O Brasil desenvolveu a tecnologia dos carros bicombustível, é um dos maiores produtores de etanol do mundo, mas tem algo que pode impedir o consumidor de usufruir dessa posição privilegiada: o preço do álcool hidratado. Nos últimos seis anos, o litro do combustível teve um reajuste de mais de 100%. O preço médio do litro do álcool para o consumidor era de R$ 0,98 em 2000 – segundo números da pesquisa do Índice de Preços ao Consumidor (IPC) da Fundação Joaquim Nabuco. Ontem, custava R$ 1,99 na maioria dos postos do Grande Recife.
Especialistas afirmam que o proprietário de um carro bicombustível só deveria consumir o álcool quando o seu preço corresponde, no máximo, a 70% do valor do litro da gasolina. Essa última apresenta uma performance melhor e resulta em mais quilômetros rodados por litro, proporcionalmente.

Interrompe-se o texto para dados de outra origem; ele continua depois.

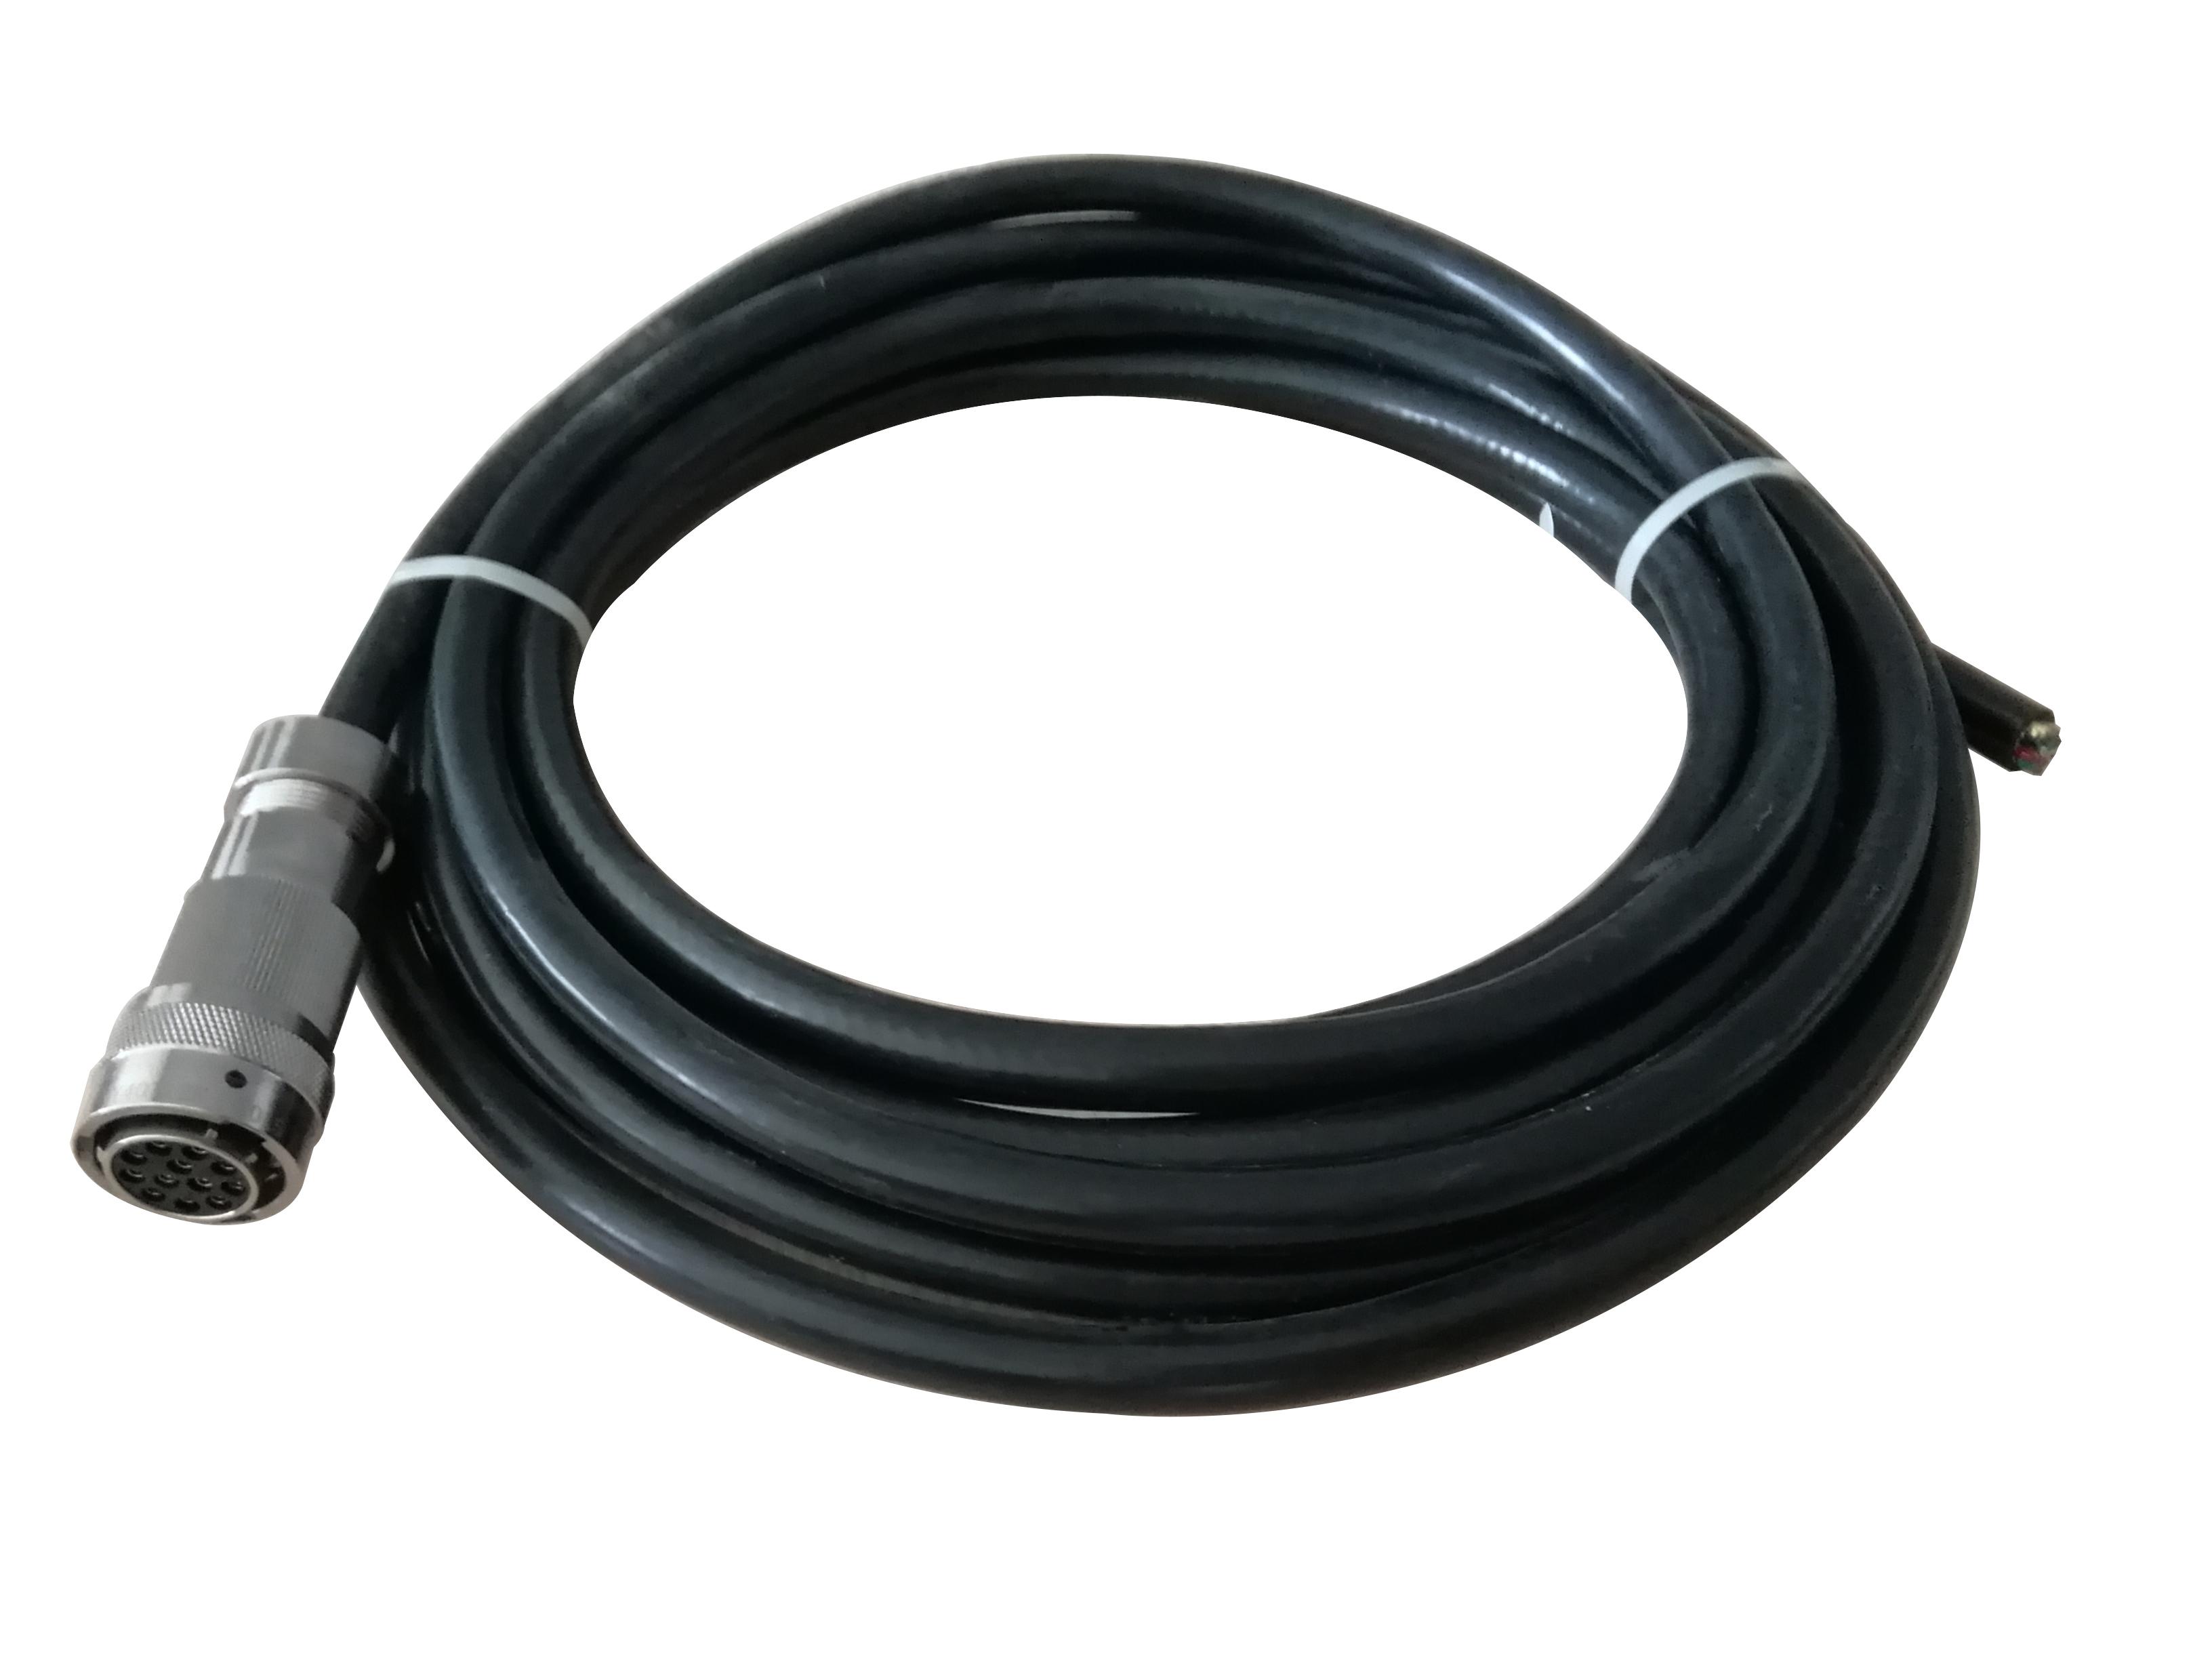 高压屏蔽点火电缆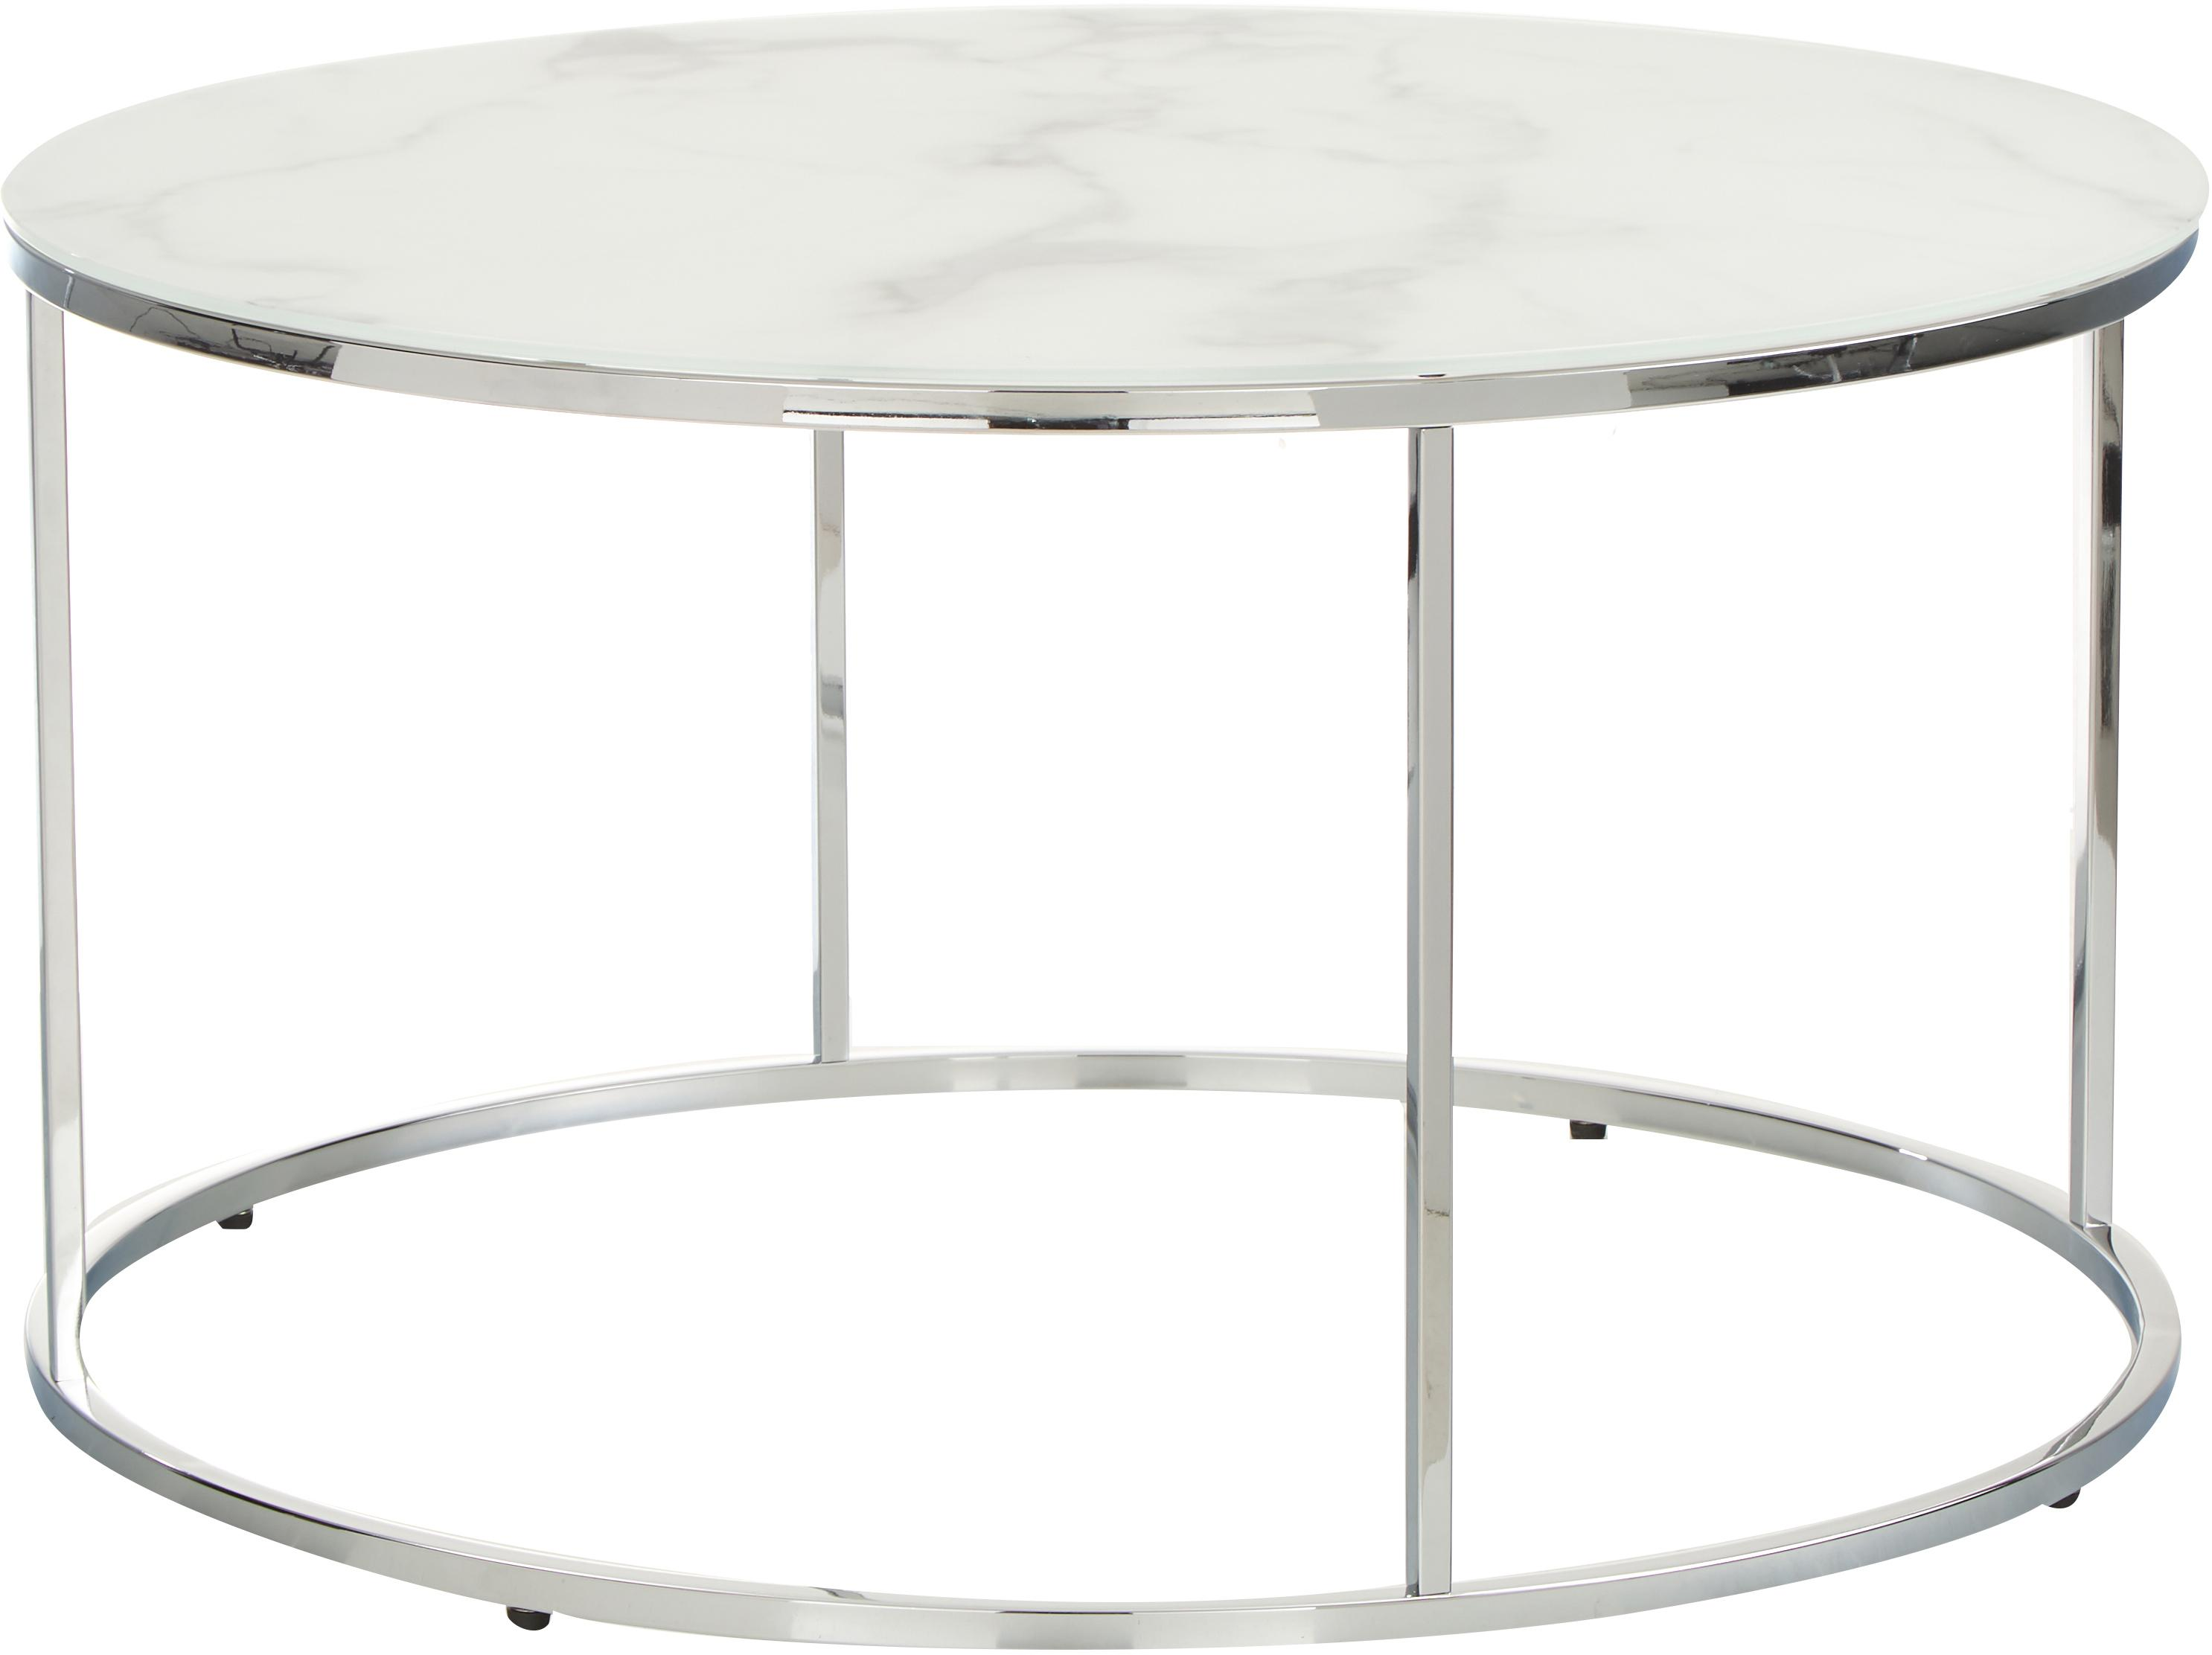 Couchtisch Antigua mit marmorierter Glasplatte, Tischplatte: Glas, matt bedruckt, Gestell: Stahl, verchromt, Weiss-grau marmoriert, Silberfarben, Ø 80 x H 45 cm

O preço do álcool vai se manter em alta por um período entre cinco e dez anos, segundo três economistas entrevistados pelo Jornal do Commercio. Os fatores que contribuem para isso são os aumentos nos preços do petróleo e do açúcar, e a expansão da procura pelo álcool combustível no mercado mundial. Os preços dos dois primeiros também estão relacionados ao preço do álcool no cenário mundial.
“O cenário internacional traz vários fatores que têm segurado o preço do álcool, como a adição à gasolina que está ocorrendo em vários países e a redução da produção de açúcar na União Européia”, cita o professor do Departamento de Economia da Universidade Federal de Pernambuco (UFPE), o economista Ricardo Chaves. A adição do álcool na gasolina aumenta o consumo deste combustível, já a alta do açúcar ocorre, entre outras coisas, porque o mundo consome mais açúcar do que produz há quatro anos (não há desabastecimento porque muitos países têm reservas).
Chaves diz que o preço do álcool só vai cair se a produção do combustível crescer muito mais do que a demanda. Já para o professor de Finanças da UFPE, Pierre Lucena, além das variáveis do cenário internacional também contribui para a alta do preço do álcool o fato de que os produtores e os vendedores do produto são organizados e atuam para que esse preço se mantenha estável.
O presidente do Sindicato da Indústria do Açúcar e do Álcool de Pernambuco (Sindaçúcar), Renato Cunha, afirma que os produtores nordestinos receberam, no mês passado, R$ 1,05 pelo litro do álcool hidratado vendido às distribuidoras e que esse valor inclui o Imposto sobre Circulação de Mercadorias e Serviços (ICMS) e o PIS/Cofins. “Se o litro está sendo vendido por R$ 1,99 para o consumidor, tem algo aí que não é provocado pelo produtor”, defende.
Com o preço do açúcar está em alta este ano, os produtores do Centro-Sul – que dominam 90% da fabricação de álcool no País – vão destinar 50,5% da sua matéria-prima para fabricar açúcar e 49,5% para produzir o álcool, segundo informações da União da Agroindústria Canavieira de São Paulo (Unica). Na safra passada, os produtores do Centro-Sul destinaram 48,5% da sua produção para o açúcar e 51,5% para o álcool.
Os números indicam que vai se fabricar, proporcionalmente, menos álcool no País nesta safra, quando ainda está na memória recente dos consumidores a alta do preço do produto que ocorreu em fevereiro último, quando se chegou a falar até em desabastecimento. Na época, o governo federal chegou a reduzir de 25% para 20% a quantidade de álcool adicionado à gasolina, como forma de diminuir o mercado deste combustível e baixar o preço.
Também neste mesmo período, o presidente Luiz Inácio Lula da Silva chegou a se reunir com empresários do setor pedindo para que eles baixassem o preço do álcool, o que não ocorreu até hoje.
“Não existe mais risco de faltar álcool no País e há um cenário de certa consciência de que temos um produto que pode substituir a gasolina”, diz o diretor técnico da Unica, Antonio de Pádua Rodrigues. Ele argumenta também que se o produtor quiser, o mercado interno vai ter que manter um preço que seja “confortável” para o usineiro e também para o consumidor.